Foreign Flavors.—Wines which have contracted foreign flavors, either by being kept in casks which have been used for liquors of decided flavors and odors, such as anisette, absinthe, rum, etc., or from contact with substances having good or bad odors, owe their taste to the dissolution in them of a part of the essential oil which those substances contain, and should be treated in the same manner. The chief thing is to remove the cause, by changing the cask, for if the foreign taste and smell become very marked, they cannot be completely destroyed; they can only be rendered tolerable by mixing them with sound wines.

Ropiness is the name applied to a viscous fermentation which takes place in wine, making it slimy in appearance. It is met with more particularly in white wines, which contain albuminous matters in suspension, and but little tannin. It is not a very serious difficulty, for it can be easily corrected. It is only necessary to tannify the wine by adding 12 or 15 quarts of tannified wine, well stirred in with a whip as in fining, or an ounce or two of tannin dissolved in alcohol for each 100 gallons. The tannin combines with the viscous matter and precipitates it, so that in removing the ropiness the wine is fined at the same time.
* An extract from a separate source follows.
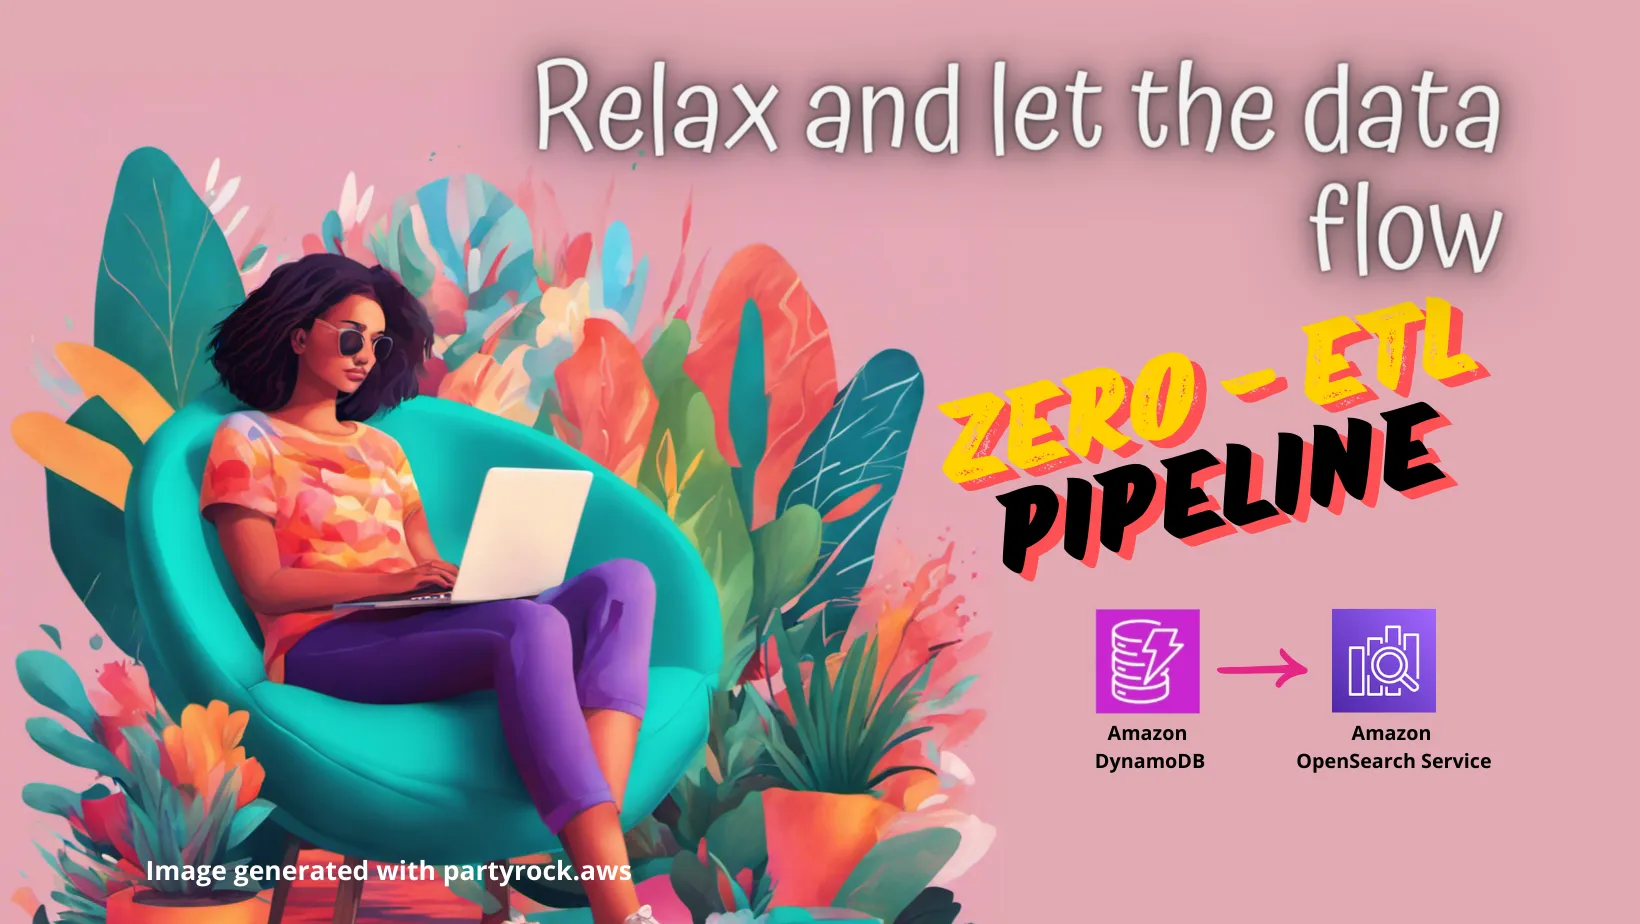 Relax and let the data flow: A Zero-ETL Pipeline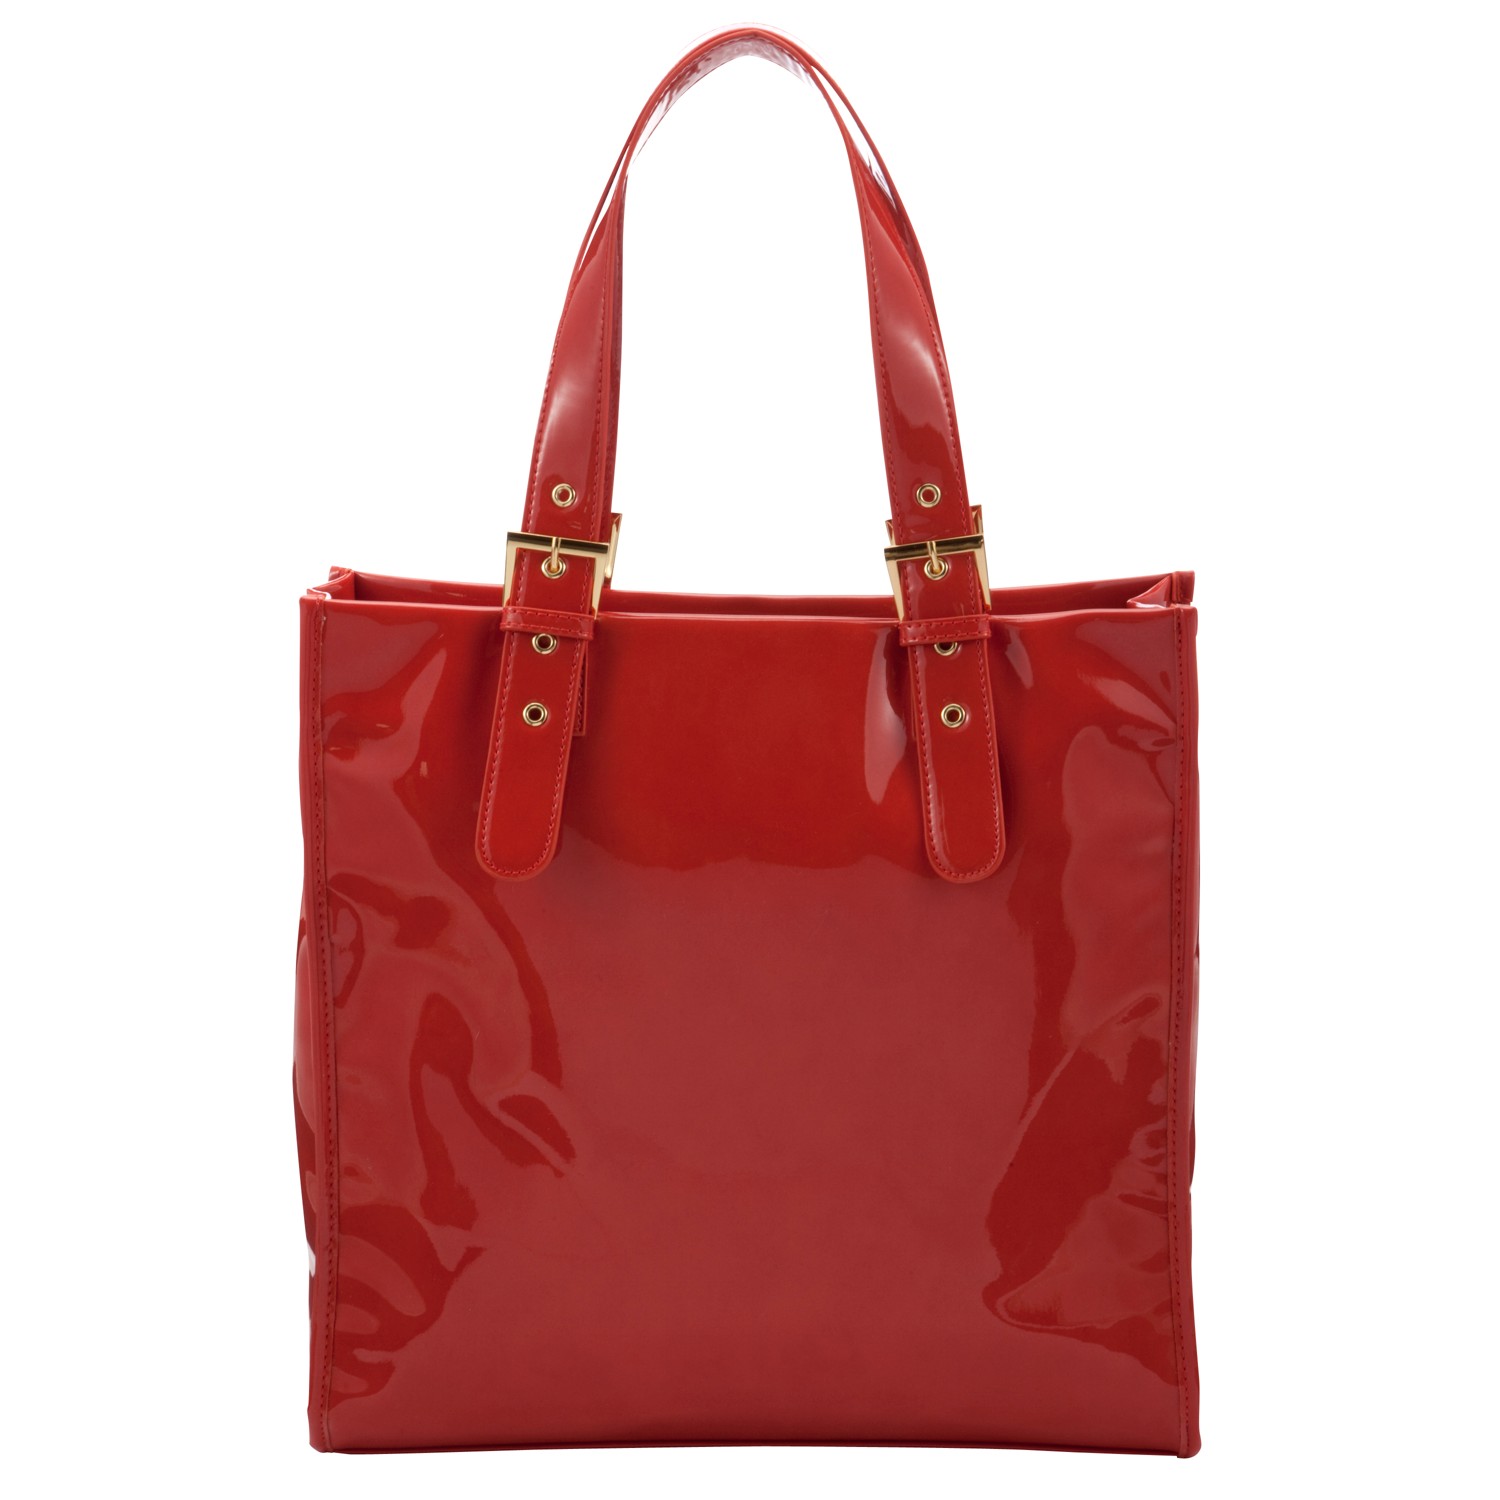 Ted Baker Patent Buckle Tote Bag in Red - Lyst

It should be racked from the finings after about two weeks’ repose.

And we may add that grapes which produce wines predisposed to ropiness ought not to be stemmed, or the must should be fermented with at least a portion of the stems.

Mr. Machard says that this disease is also due sometimes to lack of tartaric acid, and that it may be cured by supplying this substance, and setting up fermentation again. For 100 gallons of wine, about a pound of tartaric acid should be dissolved in hot water, to which the same quantity of sugar is added, and when dissolved, the whole is poured warm into the cask containing the ropy wine. Then replace the bung, and give the cask a thorough rolling for six or eight minutes. A small hole is previously bored near the bung and closed with a spigot, which is removed after rolling the cask, to allow the gas to escape. After resting two or three days, the wine, which we suppose to be a white wine, should be fined with isinglass.

Ropy Wines in Bottles generally cure themselves, but they must not be disturbed until the deposit changes color and takes a brownish tinge. Then is the time to decant them for drinking.

Ropiness may also be Cured by passing the wine over the marc again. But only good, fresh pomace should be used, which is but a few days old. This is done by mixing the wine with the marc of three times the quantity of wine, and stirring from time to time till fermentation is established. After the fermentation, the press wine may be mixed with the rest.

The author does not state whether this is to be done in the case of white wine or red wine, or both, but it is apparent that it would be subjecting a white wine to a very unusual operation. Fresh lees may also be mixed with the wine instead of the marc. Sometimes it is only necessary to let the wine fall into one vessel from another at a little height, several times, or to give it a thorough agitation by stirring it, or by driving it about for a few hours in a vehicle over a rough road.

Alum has been sometimes recommended, but it is now condemned as unwholesome.

Other means have been suggested, but these will suffice; and it is agreed by all that tannin is the sovereign remedy.

It is best to avoid the use of sulphur in treating ropy wines, for fermentation is to be encouraged rather than checked.